Like I said, I am not a rod builder. I have been told by a rod builder that the 22mm trigger seat is a little bigger ID than 22mm.

A 24 will work for sure.

Tommy


----------



## big brother (May 15, 2002)

Just a little off topic, but I have a 6 n bait I stole errrrrrrrr, borrowed errrrrrrrrrrrrrr it ended up in my jeep from Tommy, understand that I am not fluent in British English, but it is one of the best 8 n bait rods I have ever fished. Do not judge the rod by it's name. 
charlie


----------



## SteveZ (Nov 30, 2006)

*Which one?*

Hey Charlie. Is that rod you "borrowed" a 12' or 13'? When I went to Wilmington I threw a 13' and liked it a lot. Wondering how the 12' compares. Thanks.


----------



## big brother (May 15, 2002)

Hi Steve,
The one I have is a 12', as Tommy tells it, I am to old and to much of a wuss to handle 13 or 14' rods anymore. I don't think i'm getting old, there are just an amazing number of really young people surf fishing now.
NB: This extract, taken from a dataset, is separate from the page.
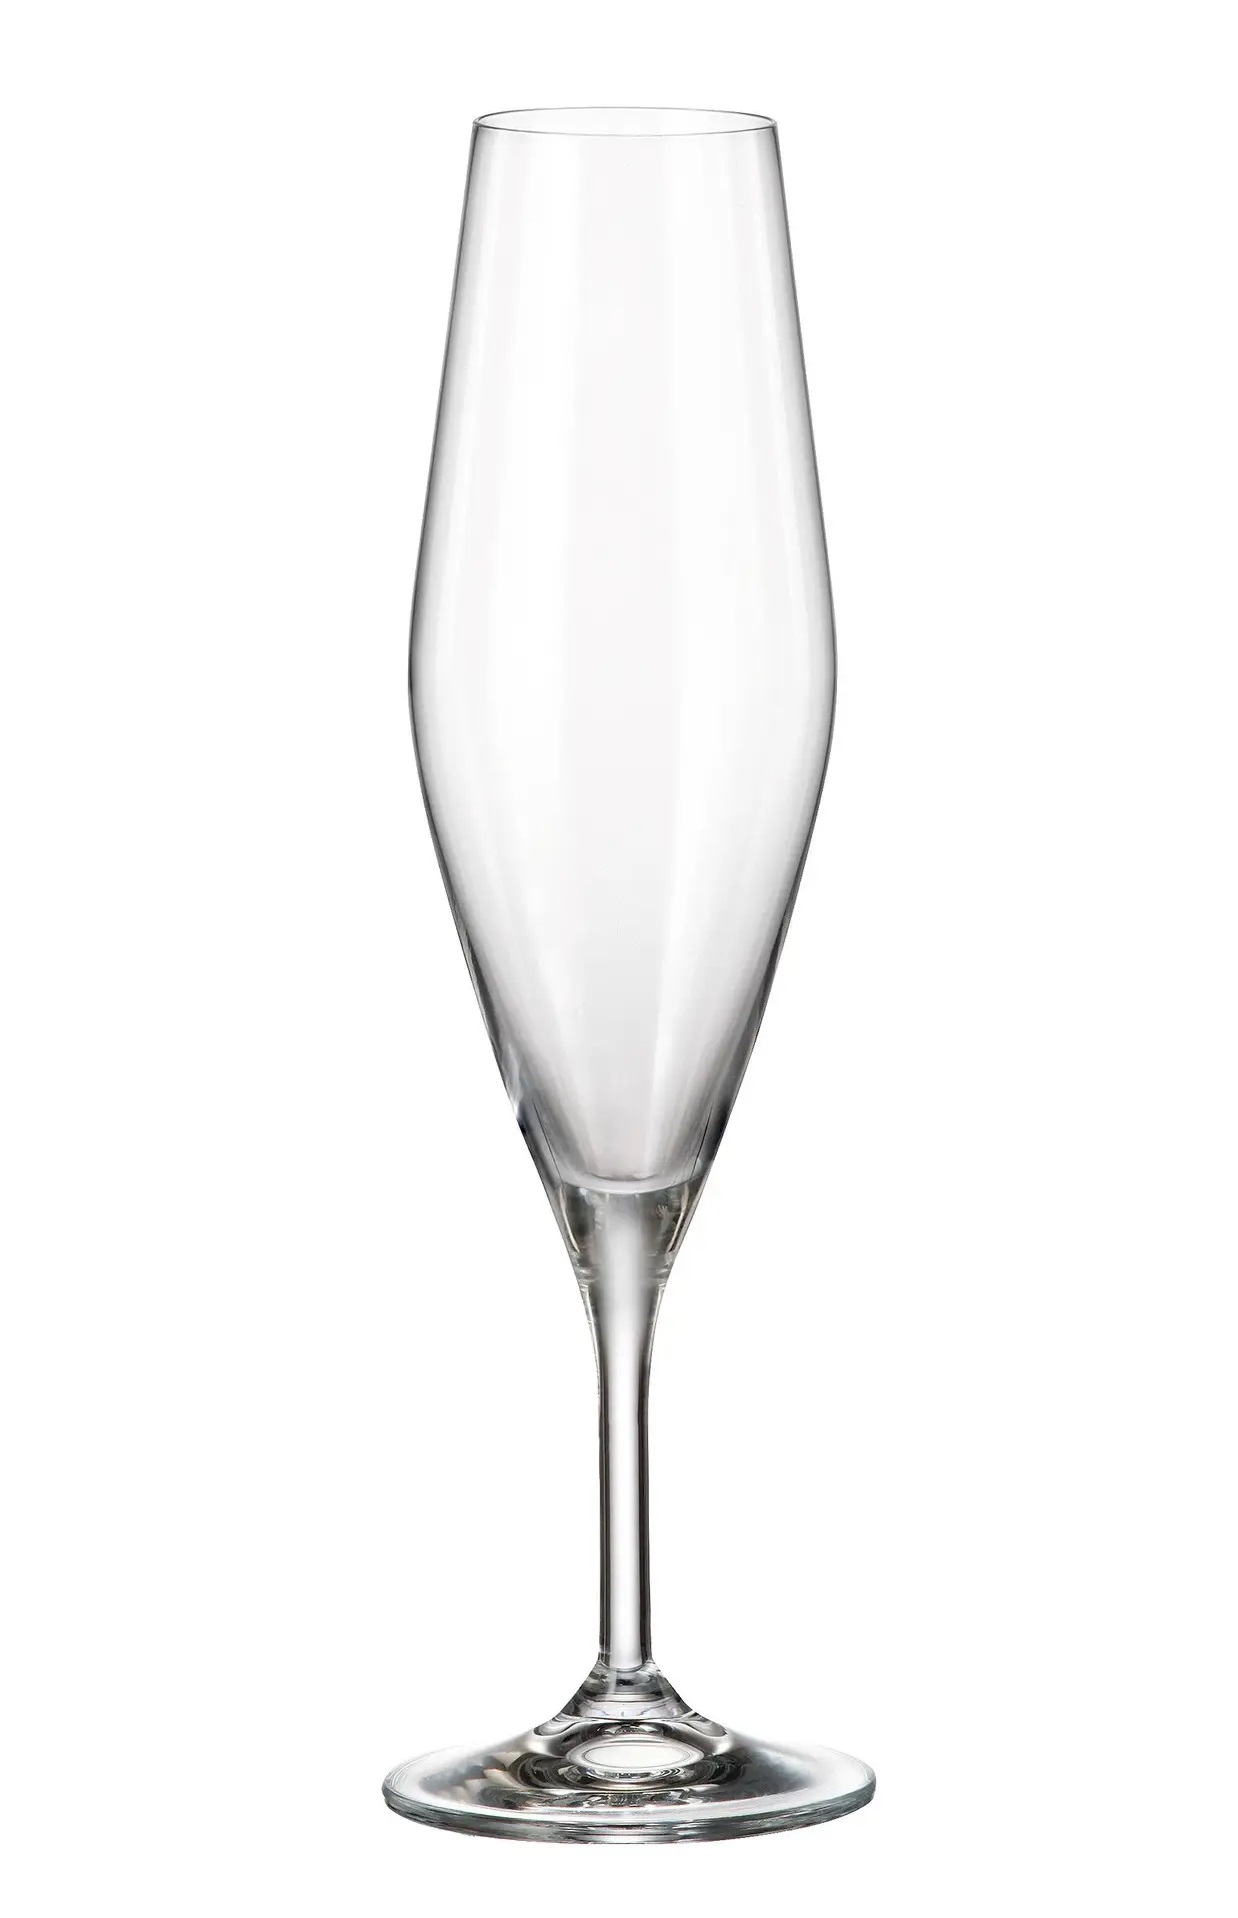 Crystalite Bohemia sklenice na šampaňské Gavia 210 ml 6KS

LOL
charlie


----------



## johnp (Mar 5, 2004)

charlie

i've been experimenting along those same lines myself. the only concern i have is if we live long enough does that mean we will eventualy be throwing 8nbait with 6' rods. could open a whole new market for tommy and afaw...lol

john


----------



## SteveZ (Nov 30, 2006)

*Right there with ya...*



big brother said:


> I am to old and to much of a wuss


 :redface: Methinks we're about the same vintage...


----------



## Tommy (Jan 24, 2001)

Steve,

Yourself, Charlie and JohnP are all of the same vintage.

You know all that stuff they say about fine wine and age.......

Not in this case... lol

 

Tommy


----------



## Webmaster (Jun 13, 2005)

What is this stuff ???????????
I’ll be 61 this year and I’m still continuing to make improvements in distance.
TECHNIQUE over age – TECHNIQUE over brute strength.
Roy


----------



## SteveZ (Nov 30, 2006)

*24*

Got my 6&bait delivered this morning. A 24mm reel seat fits perfectly on top of the shrink sleeve.


----------